INPUT =
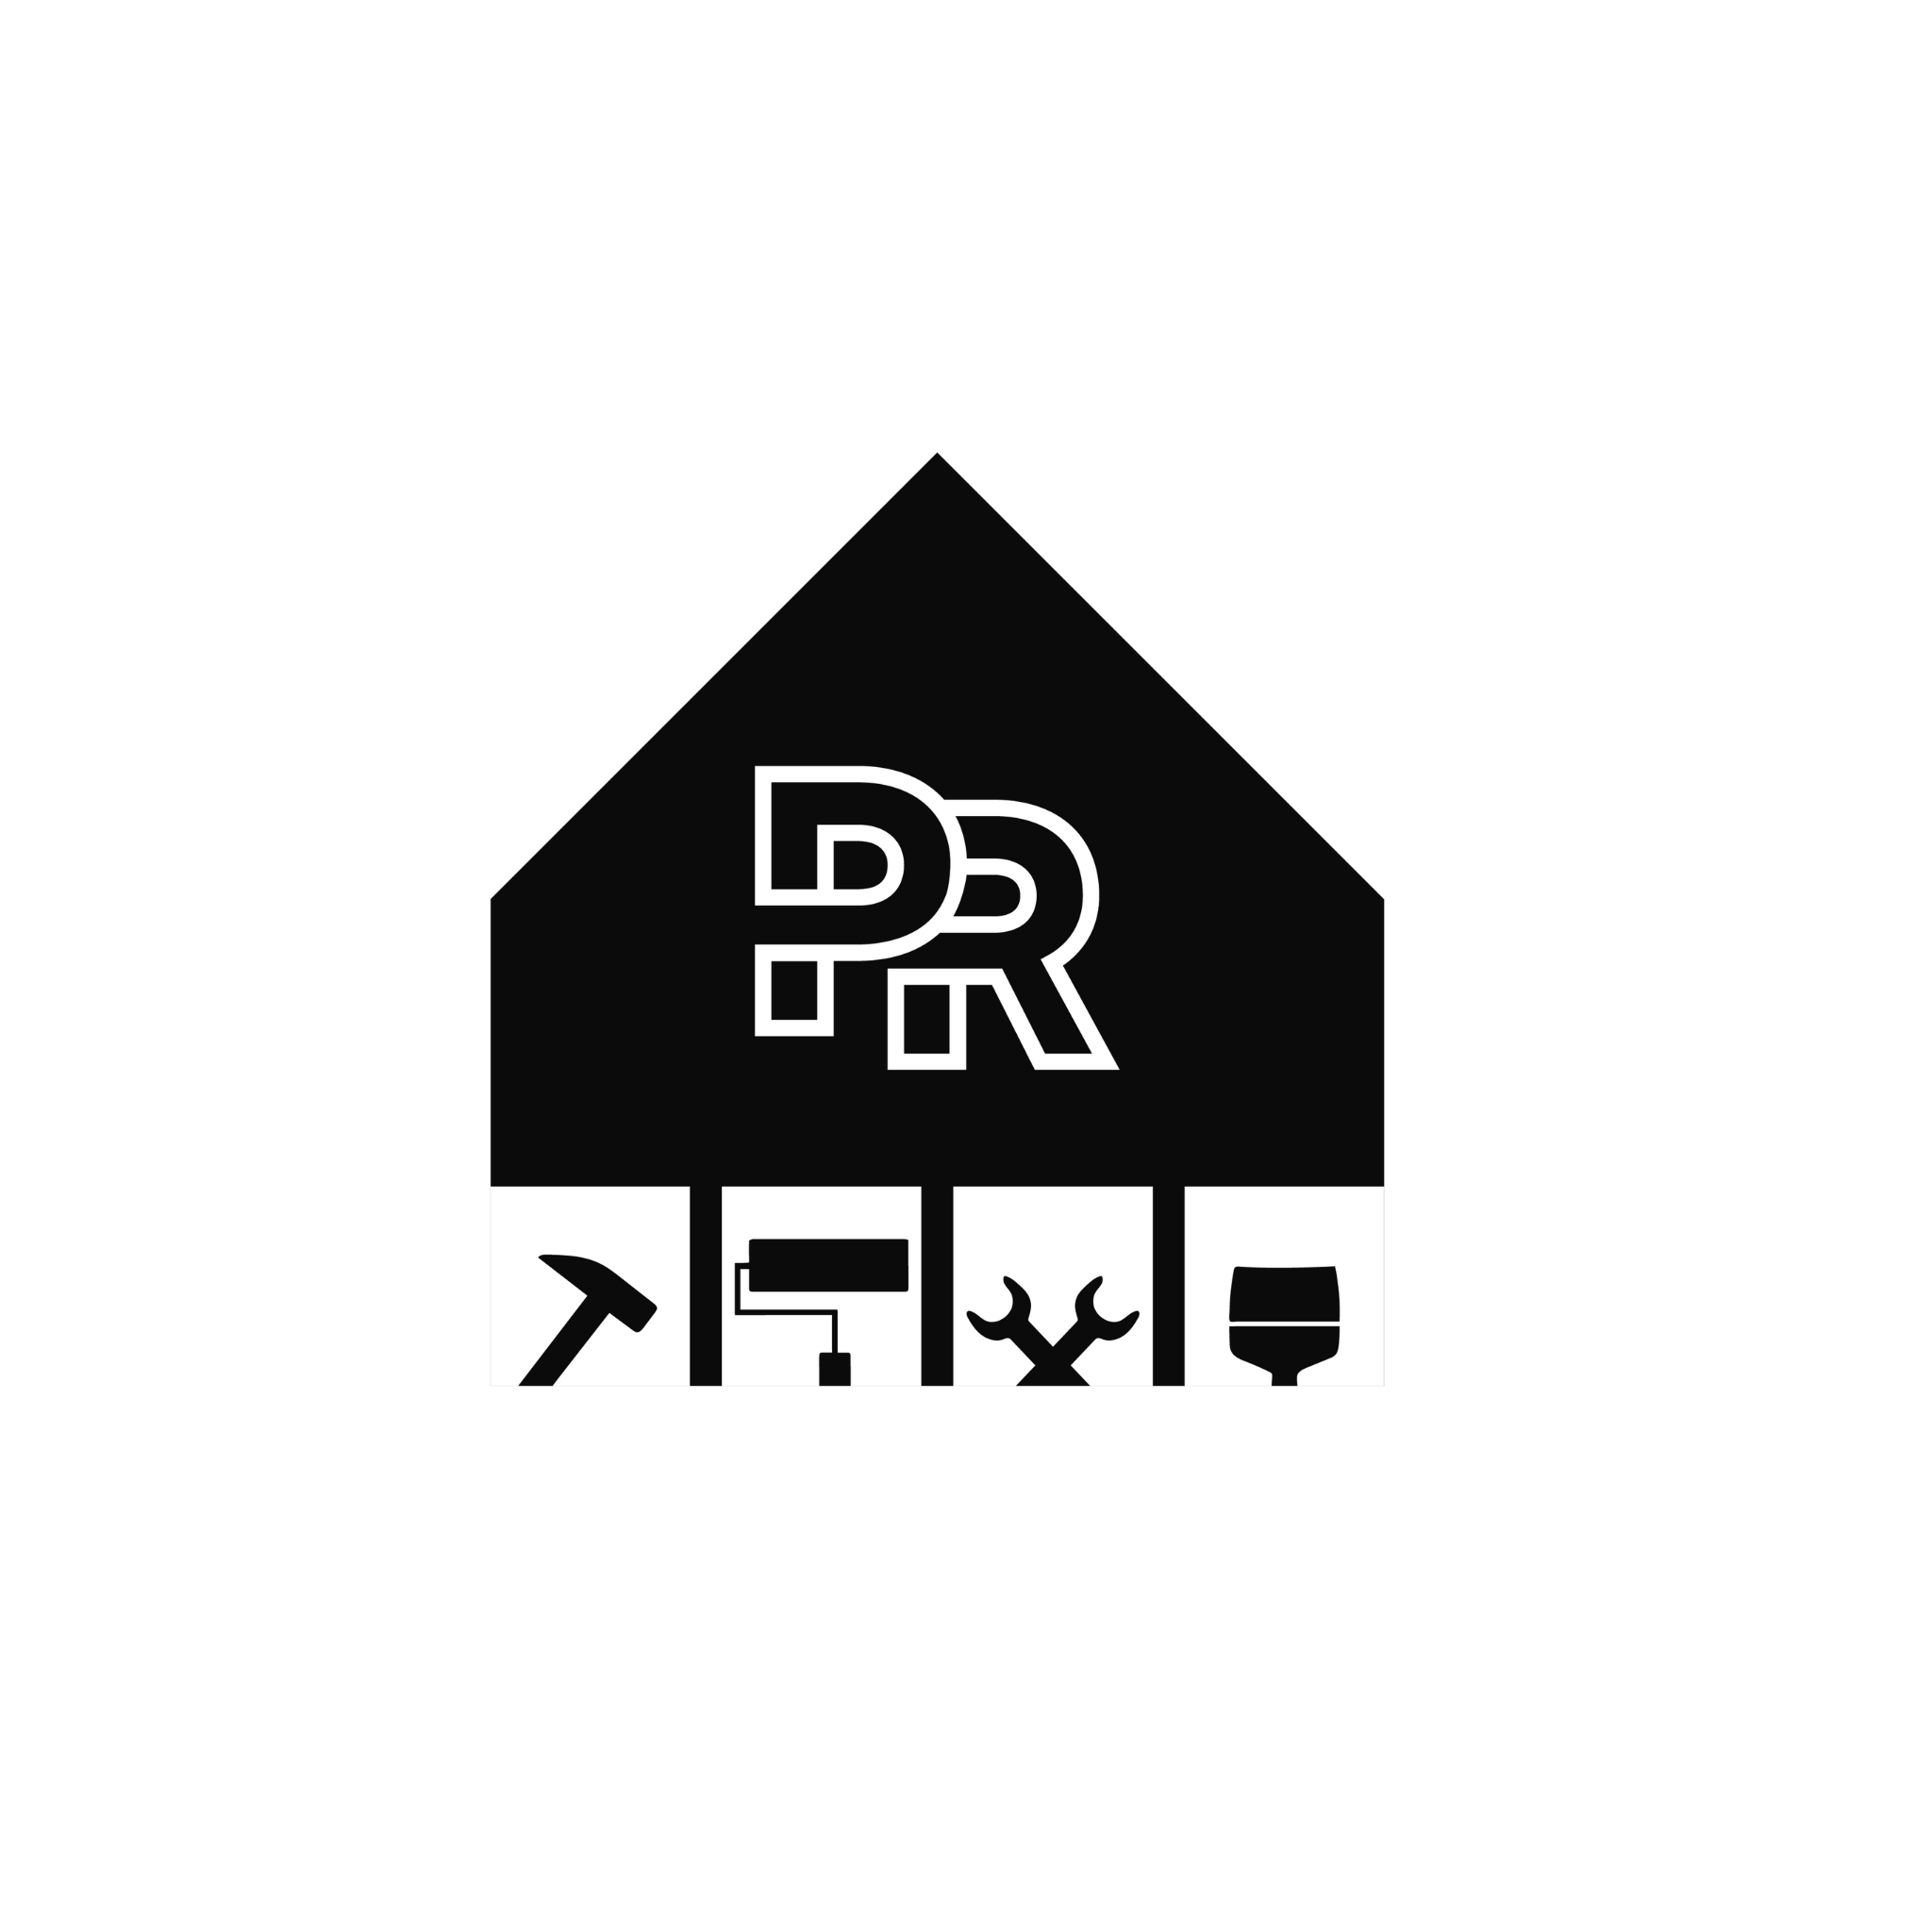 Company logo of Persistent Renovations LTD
...
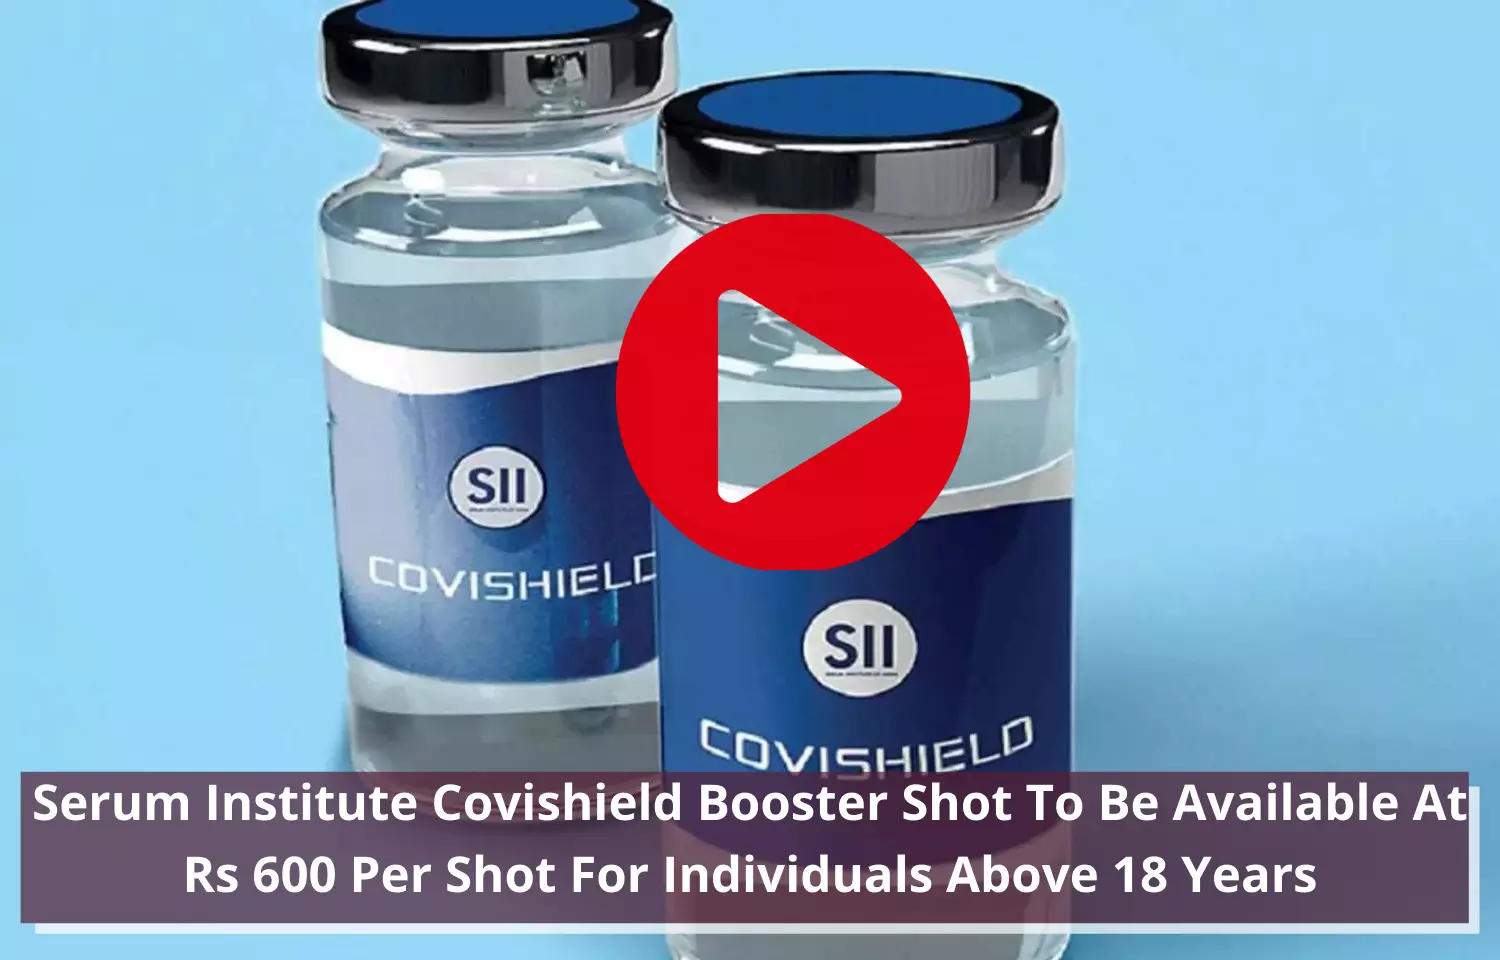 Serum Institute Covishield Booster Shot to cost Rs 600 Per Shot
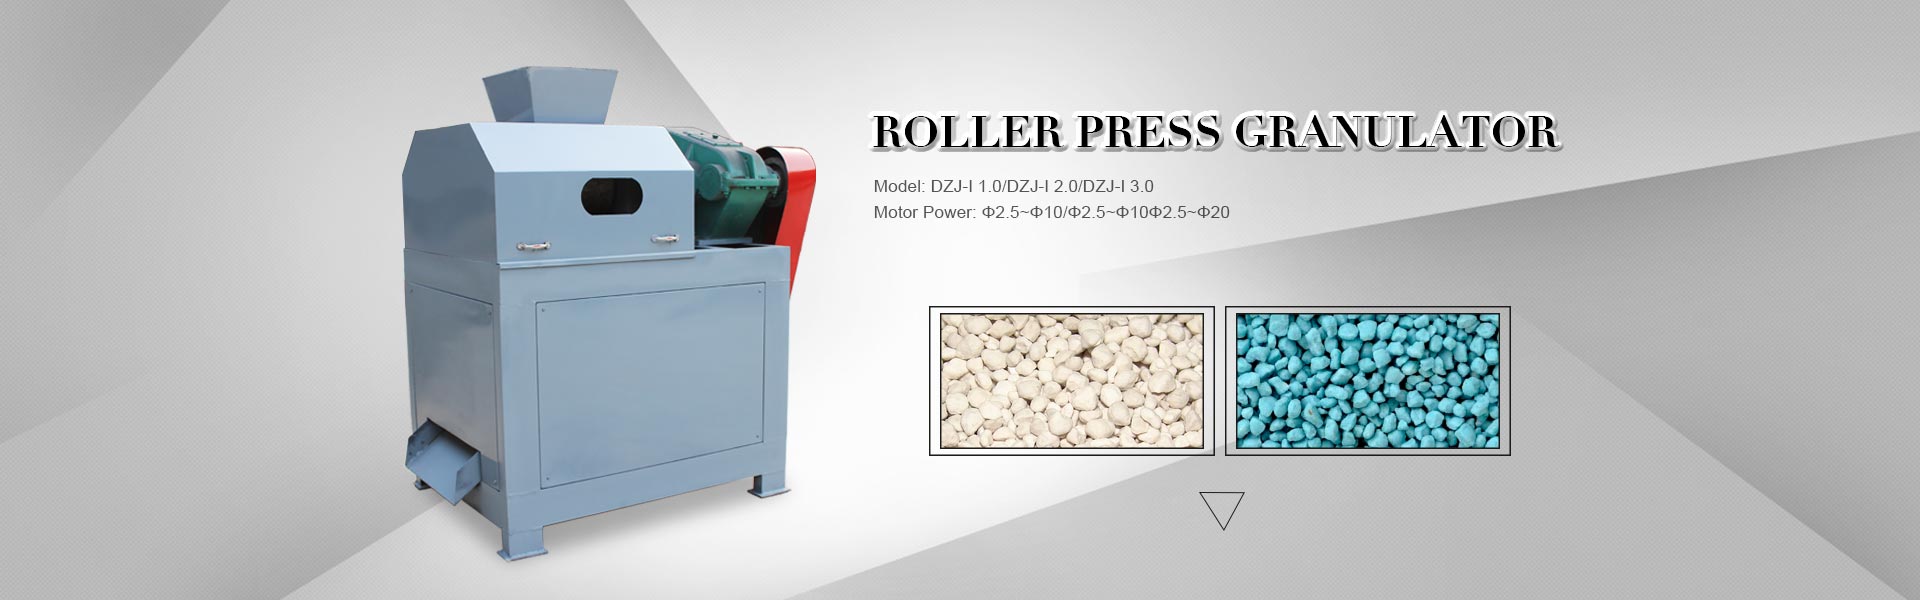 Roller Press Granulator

TASK TO COMPLETE = Please repeat, exactly as written, the lines in the records above, starting with the one that has "Serum Institute Covishield" and going on through the one that has "Roller Press Granulator". Pictures are to be left out.

ANSWER =
 Serum Institute Covishield Booster Shot to cost Rs 600 Per Shot
 Roller Press Granulator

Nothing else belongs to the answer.